No ordinary artist. No ordinary covers album. From the day he conceived the project to the moment he counted off the first song in the studio, Walter Trout had a bolder plan for ‘Survivor Blues’.
“I’m riding in my car sometimes,” says the US blues titan. “I’ve got a blues station on – and here’s another band doing ‘Got My Mojo Workin’. And there’s a little voice in me that says, ‘Does the world need another version of that song?’
So I came up with an idea. I didn’t want to do ‘Stormy Monday’ or ‘Messin’ With The Kid’. I didn’t want to do the blues greatest hits. I wanted to do old, obscure songs that have hardly been covered. And that’s how Survivor Blues started…”
Trout made it his mission to harness the power and spirit of the originals while stamping his inimitable musical personality onto each new take. “My idea was to do these songs like me, to arrange them for my band and style,” he explains, “not to just copy the originals note-for-note.”
It takes a stellar lineup of musicians to reinterpret the greatest sunken treasures in the blues genre. But last September, as recording began at the Los Angeles studio of iconic Doors guitarist Robby Krieger, Trout and long-standing producer Eric Corne shared their vision with the only band who could measure up.

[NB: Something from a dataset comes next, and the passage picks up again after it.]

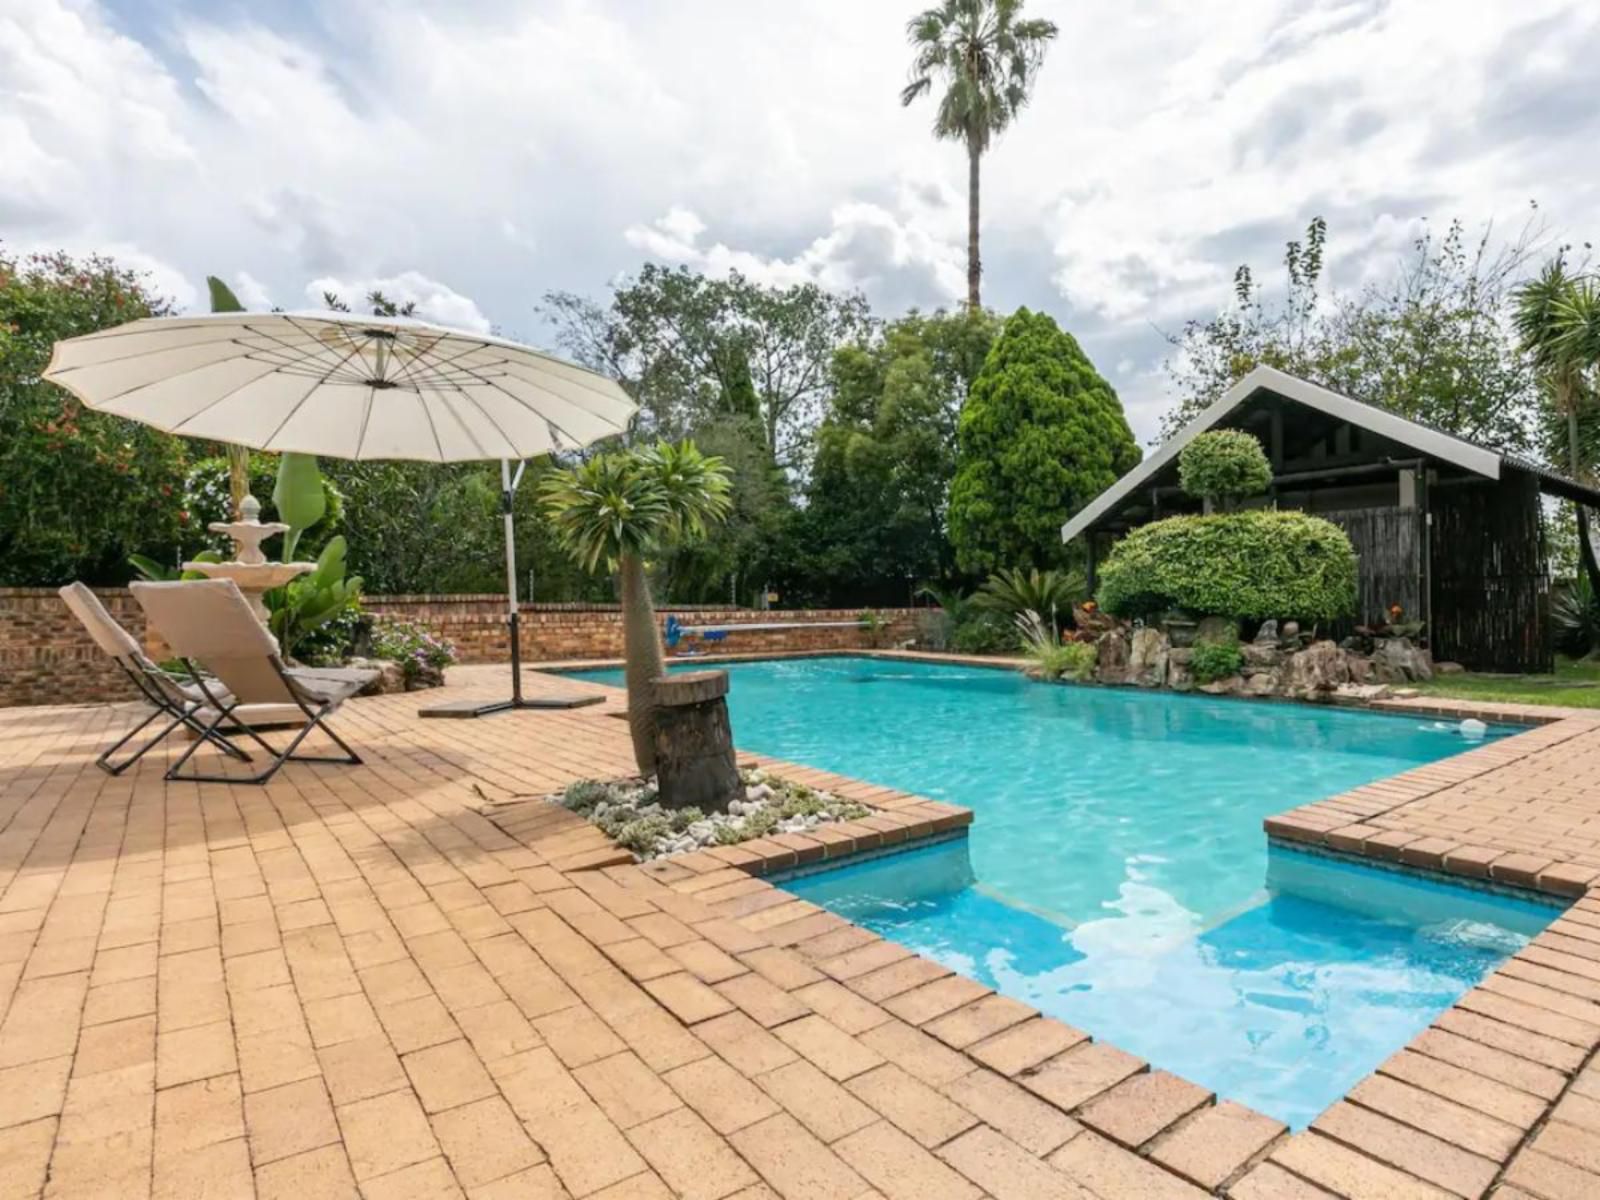 New Eden Suites Norscot Manor Johannesburg Gauteng South Africa Garden, Nature, Plant, Swimming Pool

The thunder and finesse of drummer Michael Leasure. The muscular groove of bassist Johnny Griparic. The spell-casting fingers of keyboards session god and regular Trout conspirator, Skip Edwards. “I’d play them the original,” remembers Trout, “and then I’d say, ‘Here’s how the song goes, what have you got?’ I’d give these guys a lot of freedom.
The record was mostly done live, with us set up in a circle, just to get the feel of us going there together. And you can feel it, y’know?”
All they needed was a title. And as Trout surveyed his bloodied-but-unbowed cohorts – and reflected on a collection of blues songs whose raw power remained undimmed – he knew the suggestion of his wife and manager, Marie, couldn’t be topped.
“We started thinking about these enduring songs and the guys playing on the album,” he reflects. “Mike is in recovery. Johnny almost didn’t make it. Skip has had a triple bypass. And I almost didn’t make it after my liver disease in 2014.
So Marie said to me, ‘You’re a group of survivors. You’ve all been through hell and you’ve come back.
These songs are survivors. This album needs to be called Survivor Blues’. I just looked at her and said: ‘You got it’.”